The current marketed CAR-T cell therapies approved for B-cell lymphomas are Kymriah by Novartis; Yescarta and Tecartus from Gilead; and Breyanzi by Bristol-Myers Squibb Co. However, none of the approved CAR-T therapies are available in India. The current treatment regime for B-cell lymphomas in India is largely dependent on the CD20 monoclonal antibody– rituximab in combination with other chemotherapeutic agents. NexCAR19 is the first CAR-T cell therapy approved in India.

Jithendra Kancharla, Pharma Analyst at GlobalData, comments, “The advent of indigenous CAR-T cell therapy is a significant milestone in India’s growing R&D prowess. As per ImmunoACT CEO, NexCAR19 will be available at a price of Rs 30-40 lakh ($36,000- $48,000), which is 1/10th of the cost of already approved therapies across the globe. This might increase medical tourism to India by providing access to exclusive therapy at a very low cost. However, it is still unaffordable for many in India.

Along with the cost of the therapy, pre- and post-infusion maintenance add to the treatment expenses. CAR-T production and infusion require specialized facilities and skilled labor, often found only in major metropolitan cities. The possible side effects of CAR-T therapies require continuous patient monitoring for a certain period and very frequently lead to hospitalisation. This demands patients’ relocation to access these critical therapies, posing a significant challenge in India.”

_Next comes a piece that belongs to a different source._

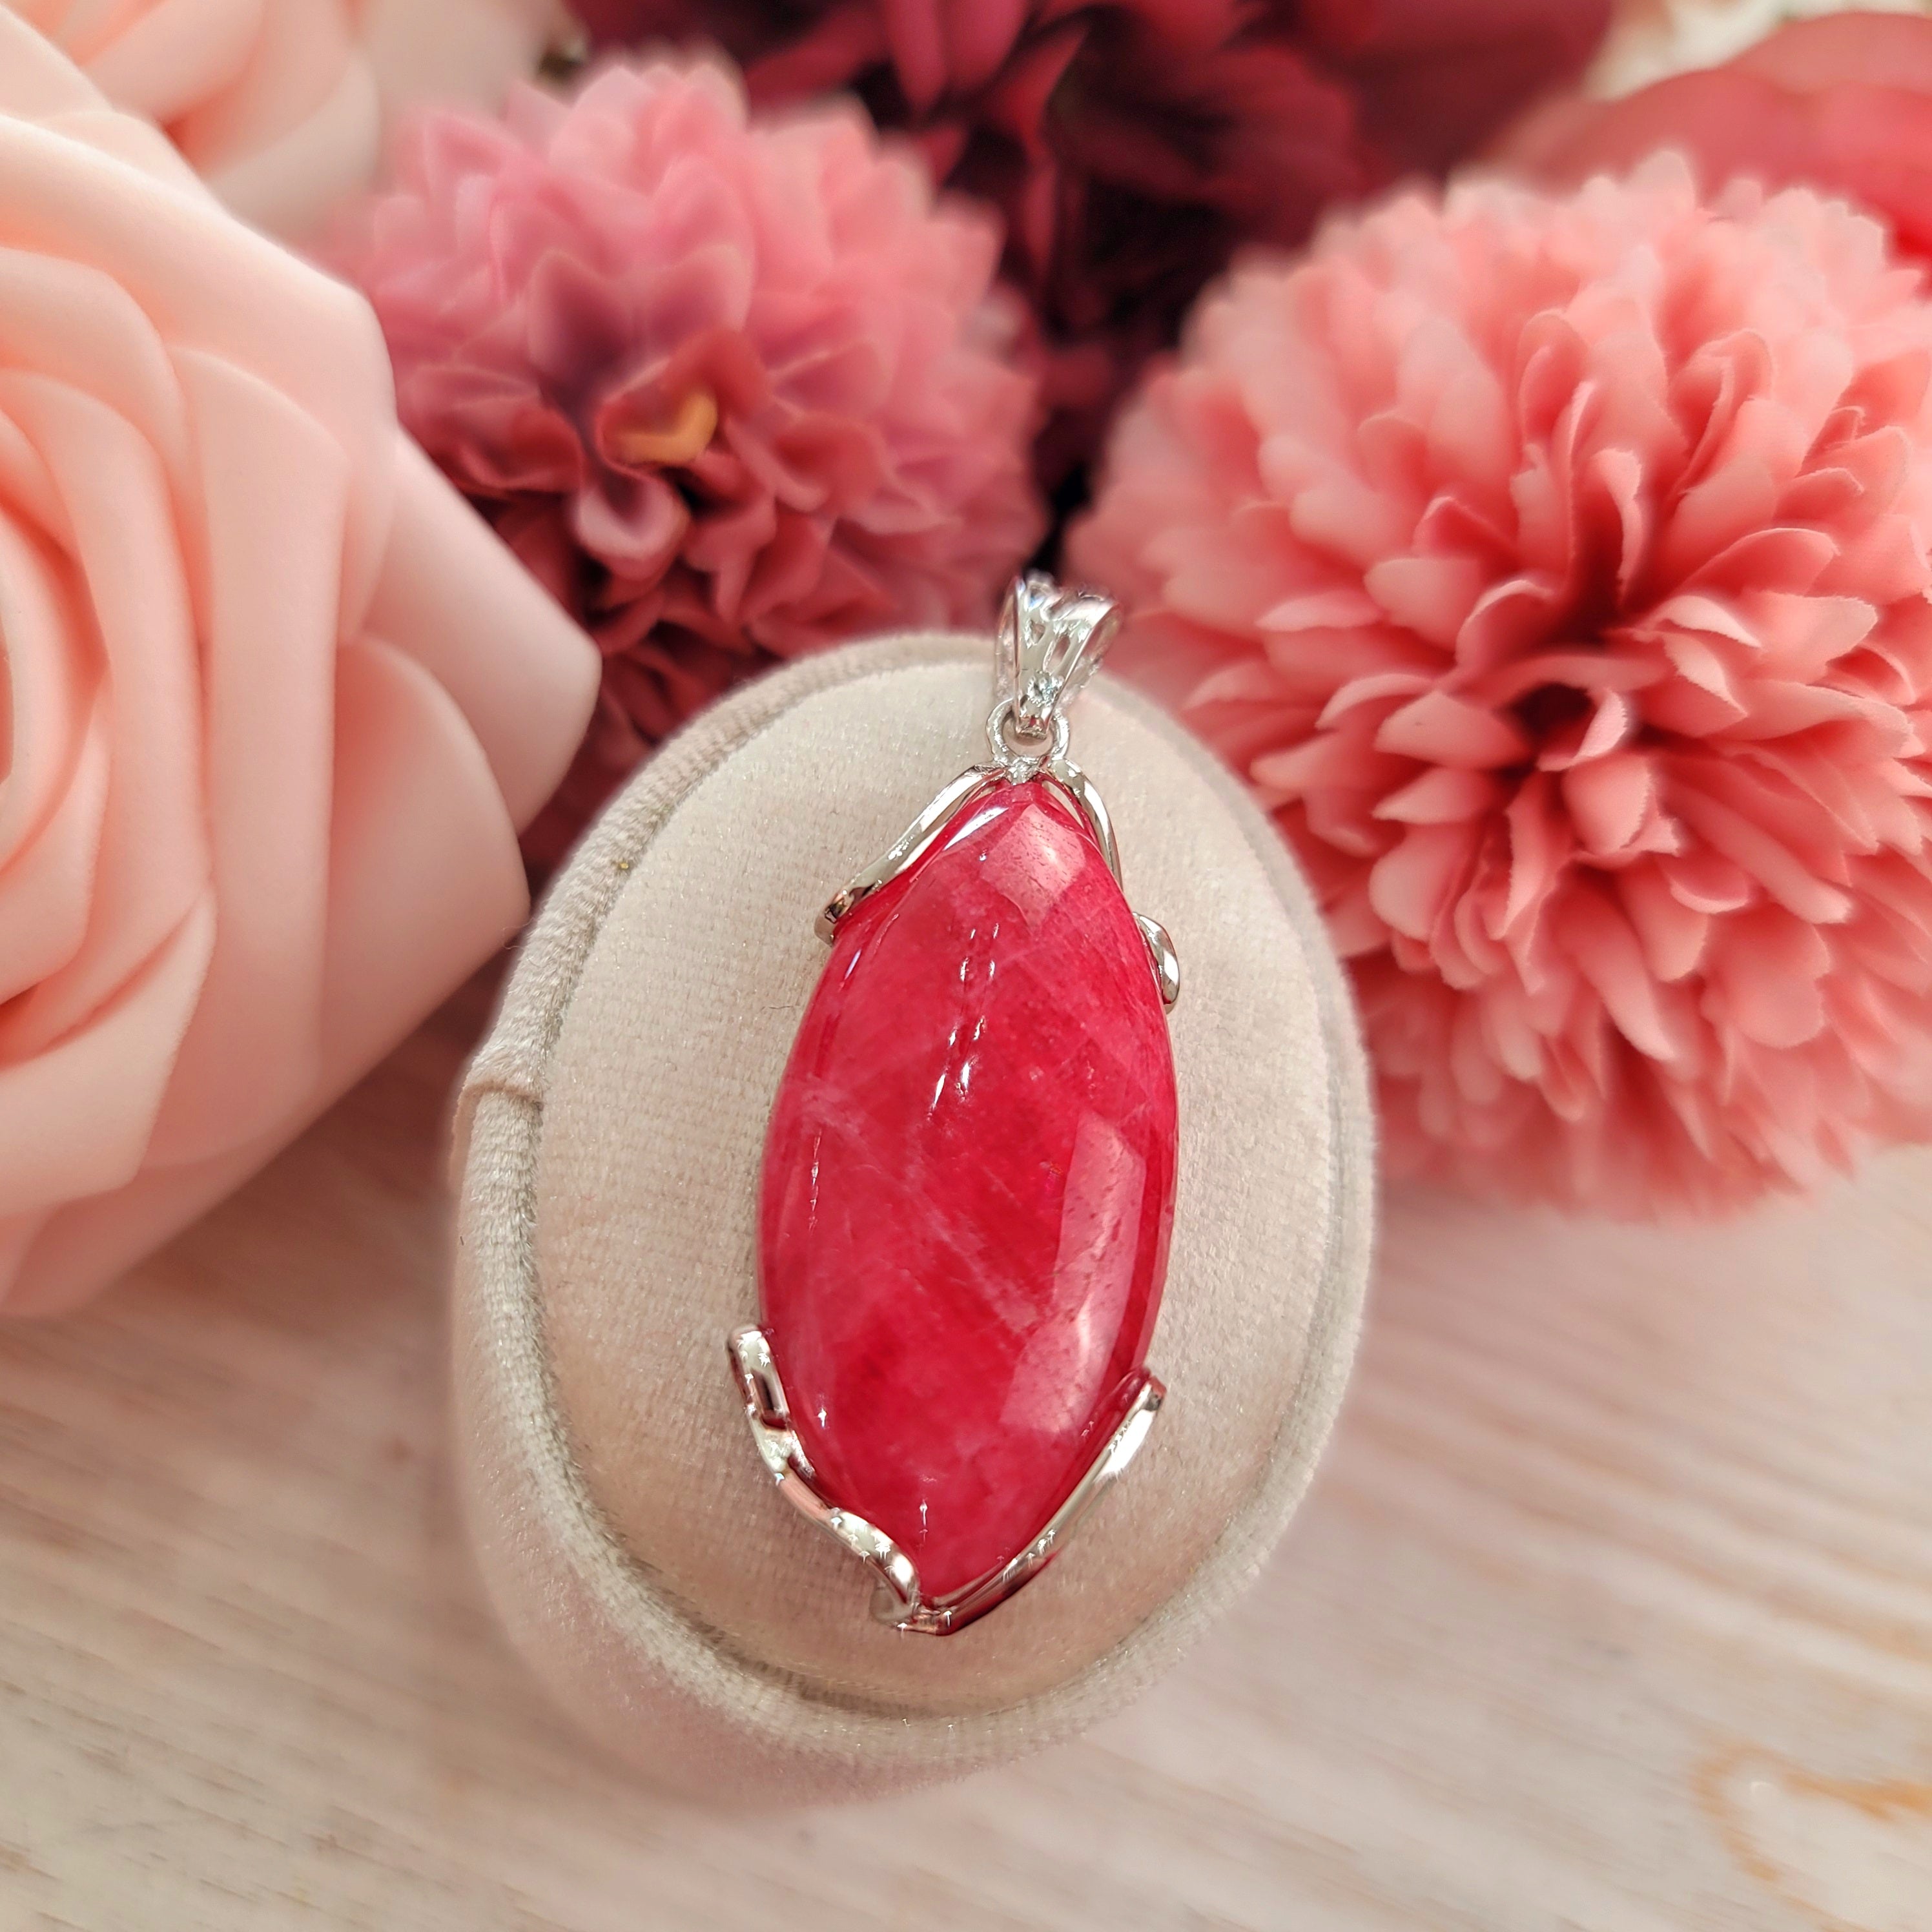 Gem Rhodonite Pendant for Loving Yourself and Enhancing your Self-Worth

According to GlobalData’s Pharmaceutical Intelligence Center, the number of 10-year diagnosed prevalent cases of Diffuse Large B-cell lymphoma (DLBCL) in India is expected to increase at an annual growth rate (AGR) of 1.7 per cent from 42,433 in 2023 to 44,940 in 2027. India has the second-highest AGR for DLBCL among the major markets, only next to the US.

NexCAR19 is currently under clinical investigation for other types of lymphomas and leukemia in several Phase II trials. Immuneel Therapeutics’ IMN-003A CAR-T is also in Phase II for B-cell lymphomas and leukemia. The successful completion of these trials would further cater to the critical need for effective cancer therapies in India.

Jithendra concludes, “India falls behind other major markets* where pharma companies, insurance companies, and federal agencies provide financial support for critical therapies. Since Immuneel Therapeutics’ CAR-T is currently in Phase II development, ImmunoACT may eventually need to compete with it. As such, developing an efficient pricing strategy is essential to foray into the Indian market. Companies should also focus on efficient patient support programs and establish sufficient infusion centers across India, ensuring the accessibility of indigenous therapies in the Indian healthcare landscape.”

*Major markets include Australia, Brazil, Canada, China, France, Germany, India, Italy, Japan, Mexico, Russia, South Africa, South Korea, Spain, the UK, and the US.